What to produce. With pictures left out, output exactly the lines from the line holding "Как нарисовать Томоэ" through the end of the data, both included.

Recorded data.
★ ★ ★ ★ ★ ★ ★

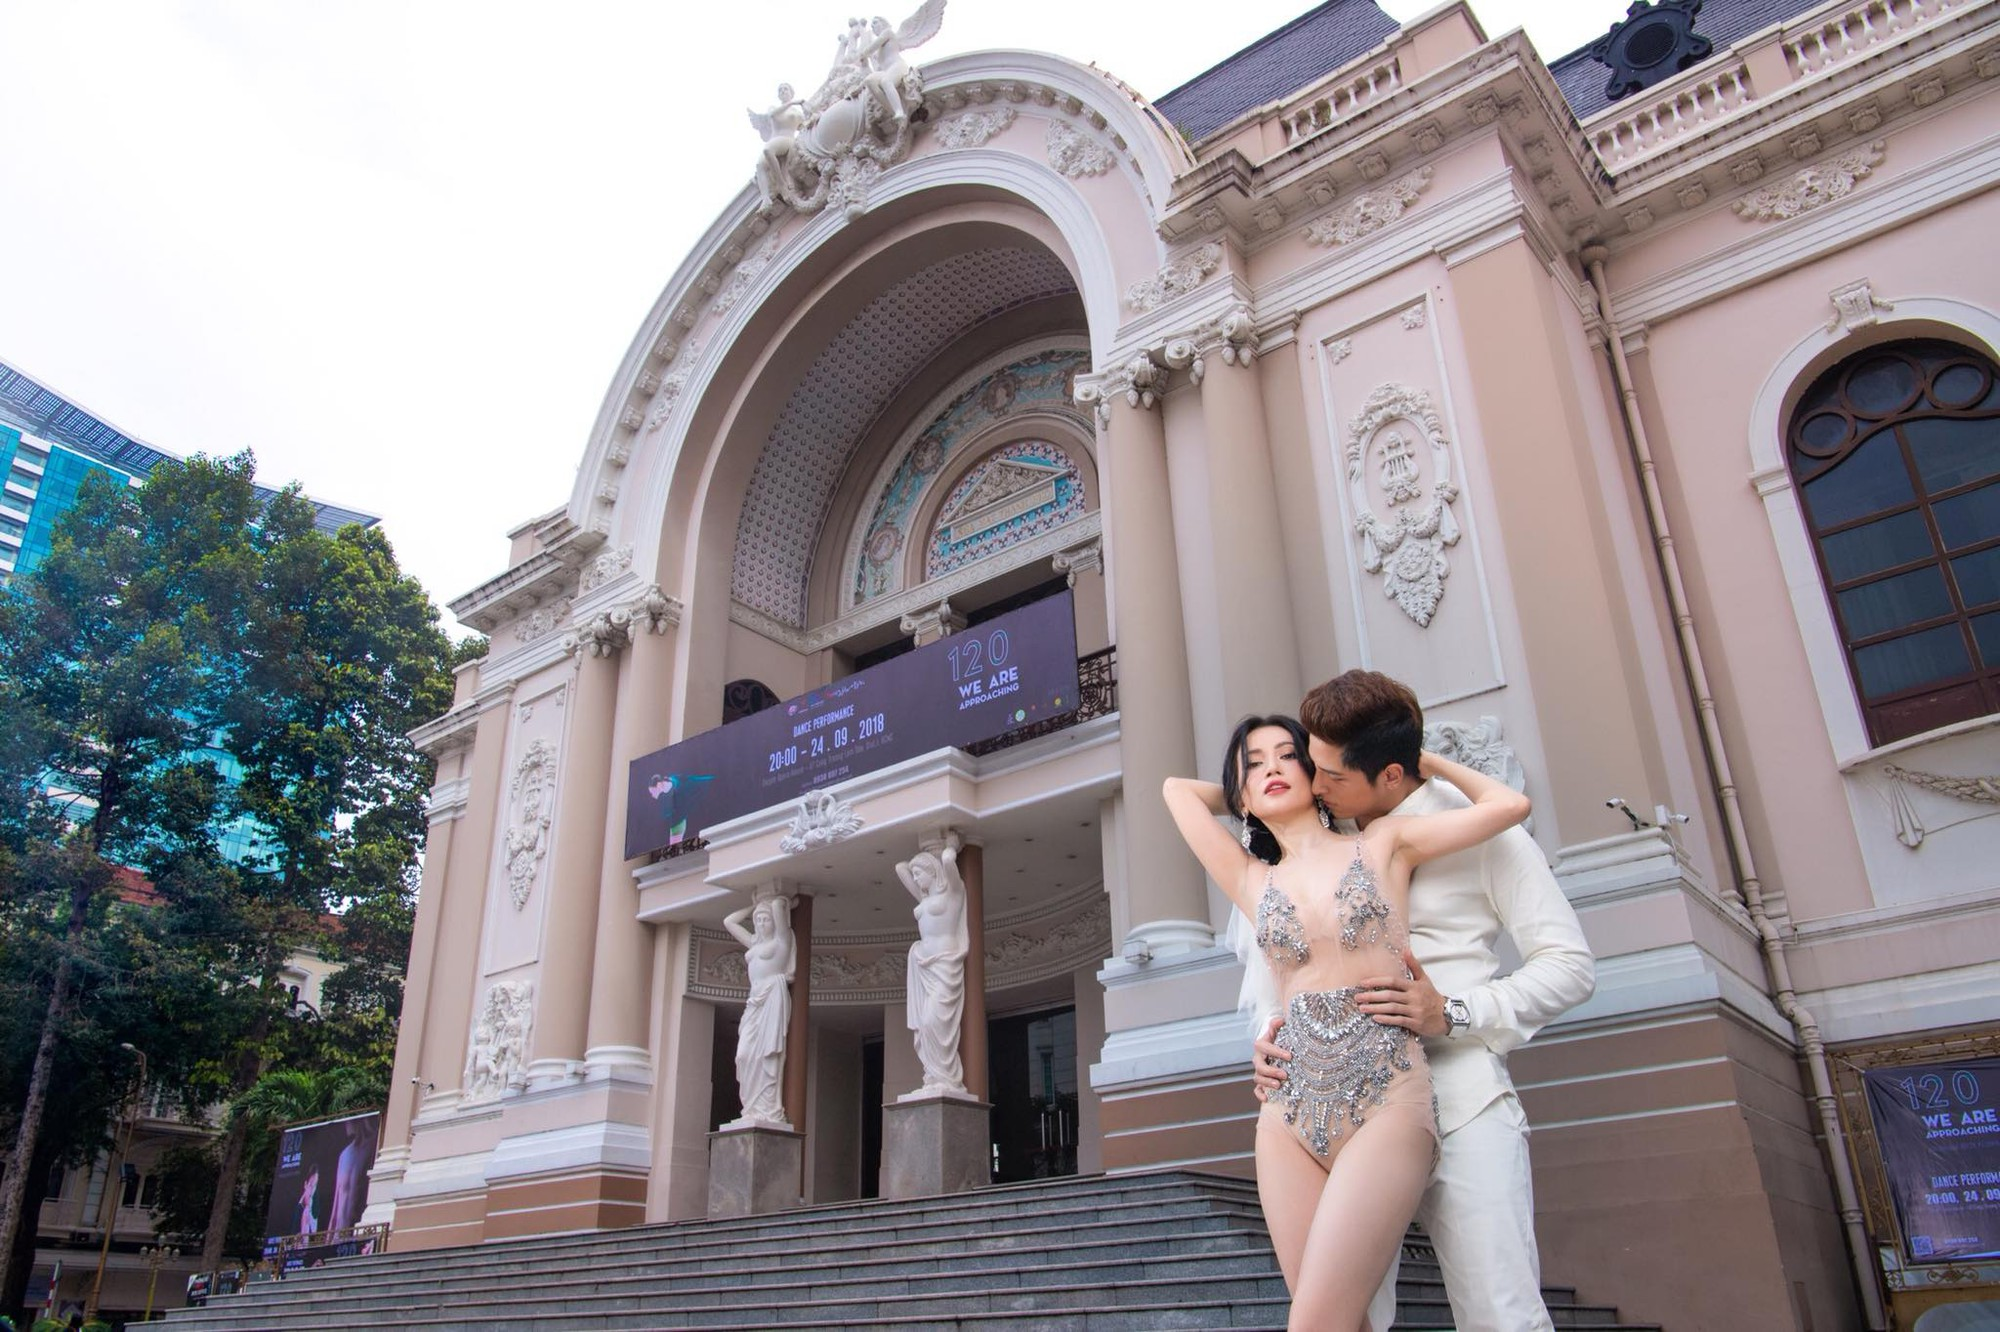 Sĩ Thanh nói về bộ ảnh cưới sexy giữa phố đang bị dân mạng chỉ trích - Ảnh 3.
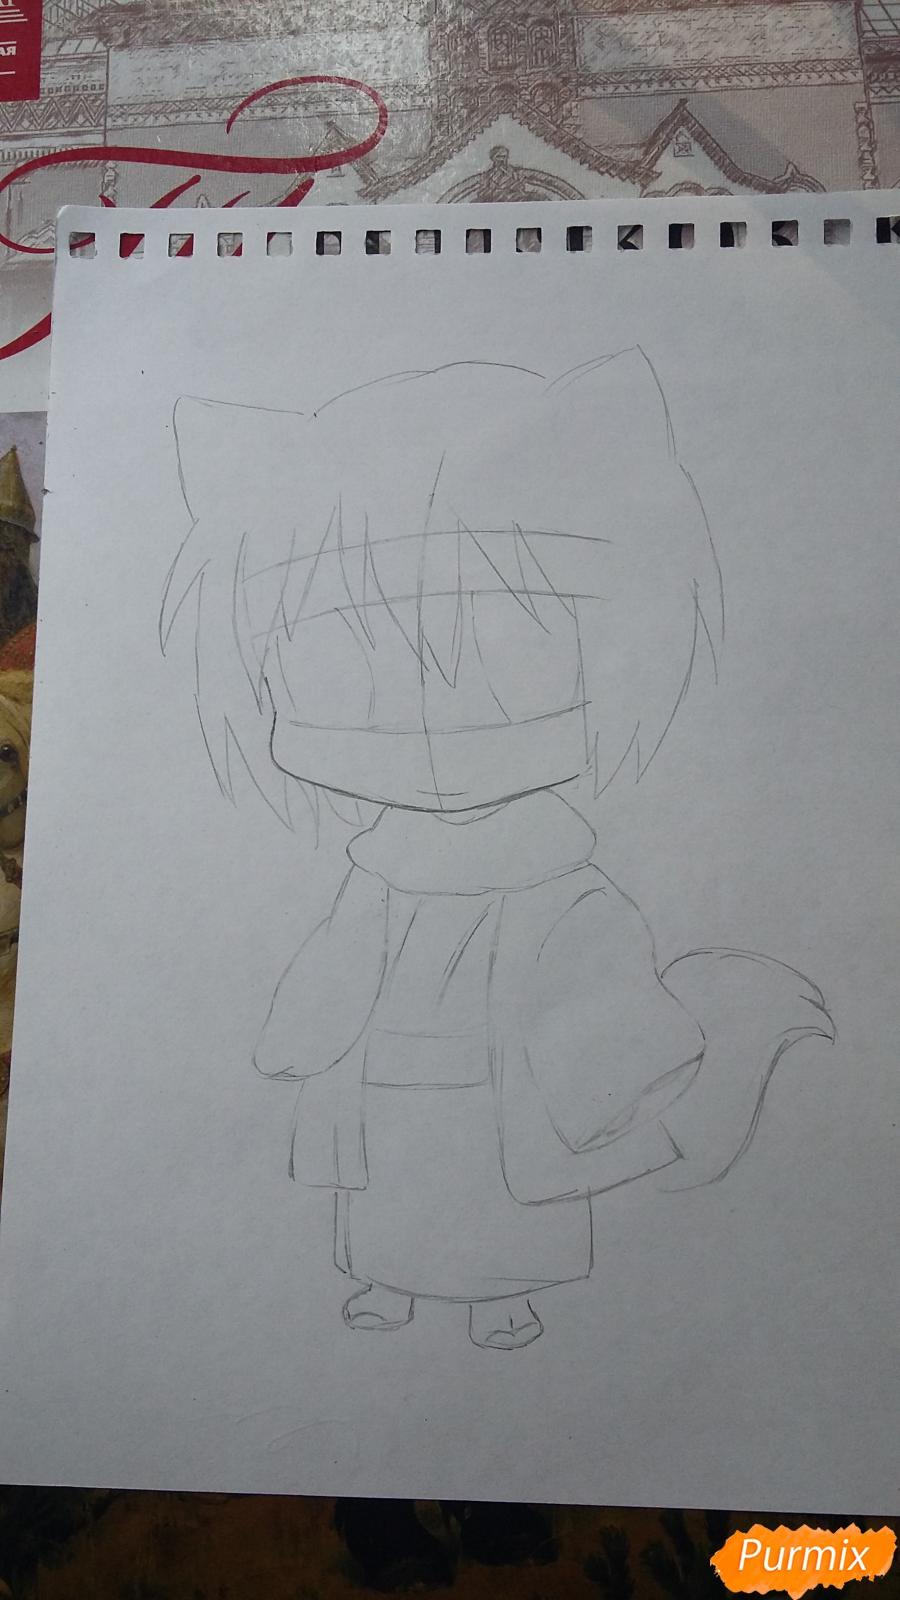 Как нарисовать Томоэ в стиле чиби из аниме Очень приятно, Бог  - шаг 2
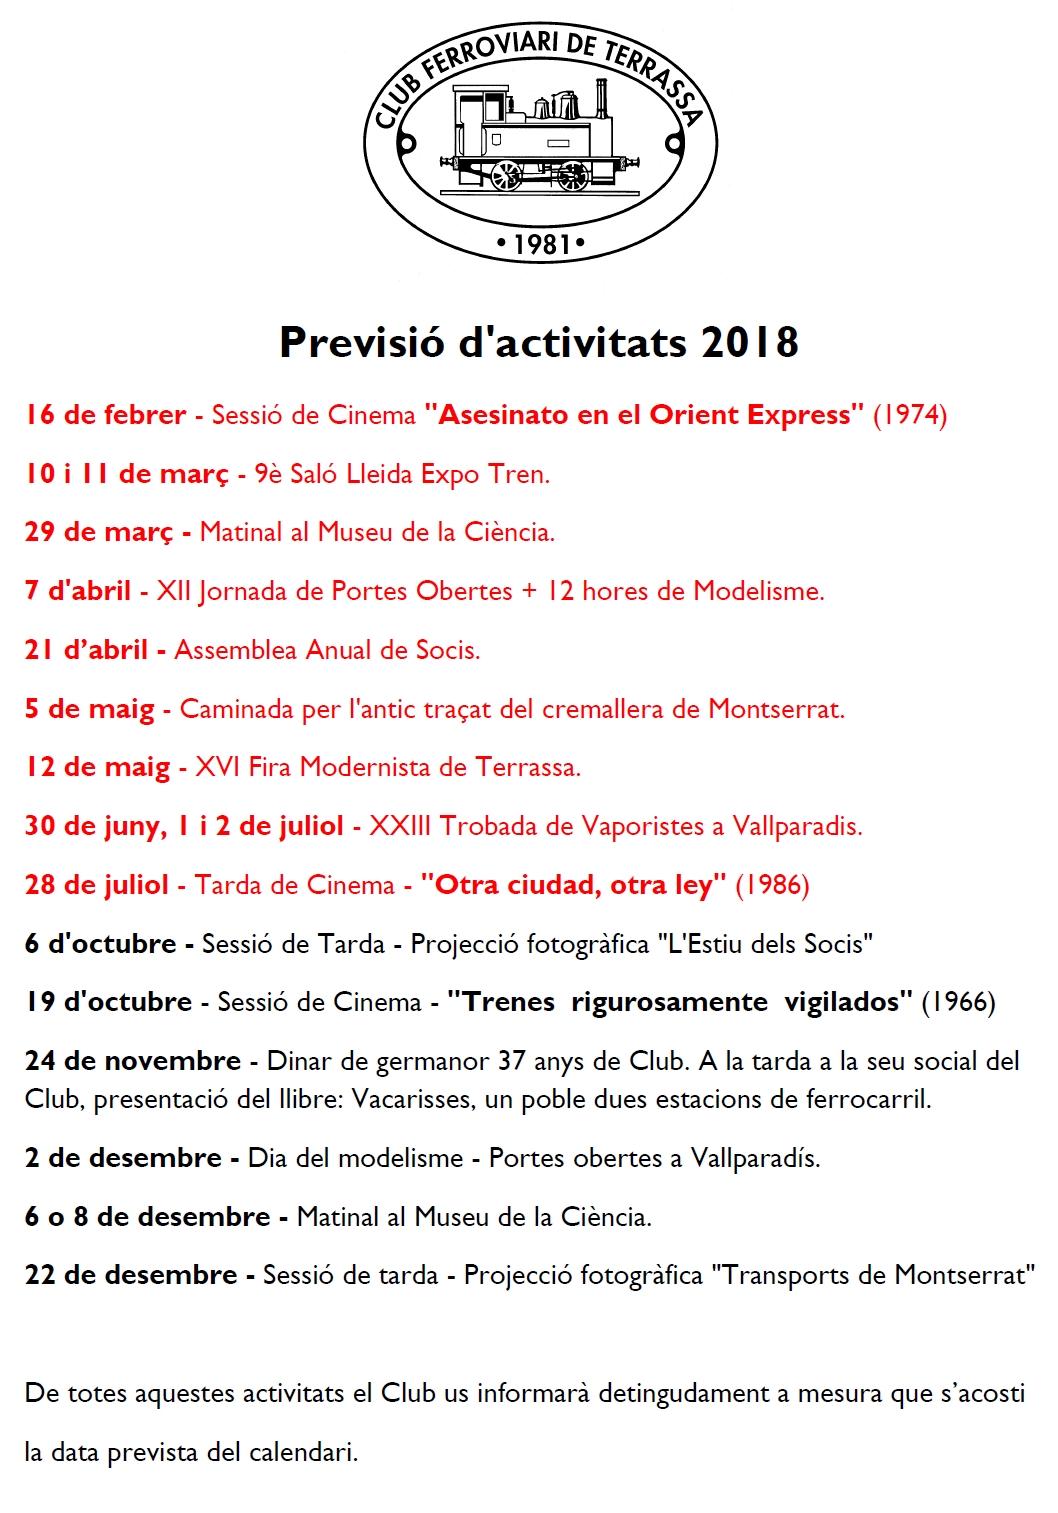 Previsió d'activitats - Actualització 18-SET-2018
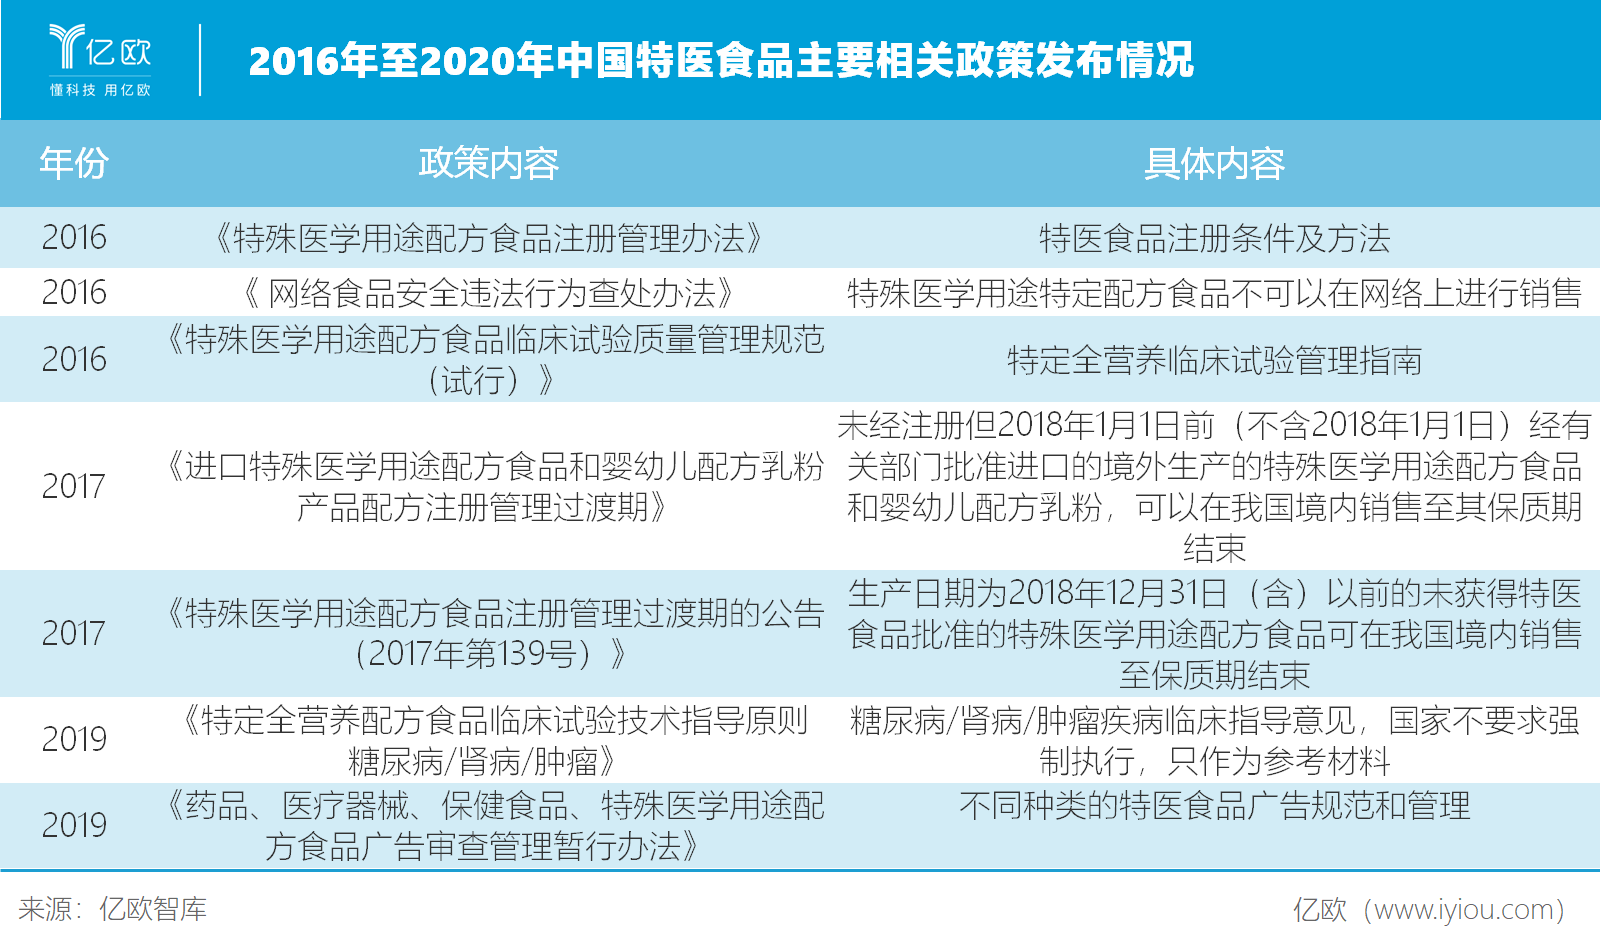 2016年至2020年中国特医食品主要相关政策发布情况.png.png

★ ★ ★ ★ ★ ★ ★

Answer box.
 Как нарисовать Томоэ в стиле чиби из аниме Очень приятно, Бог  - шаг 2
 Previsió d'activitats - Actualització 18-SET-2018
 2016年至2020年中国特医食品主要相关政策发布情况.png.png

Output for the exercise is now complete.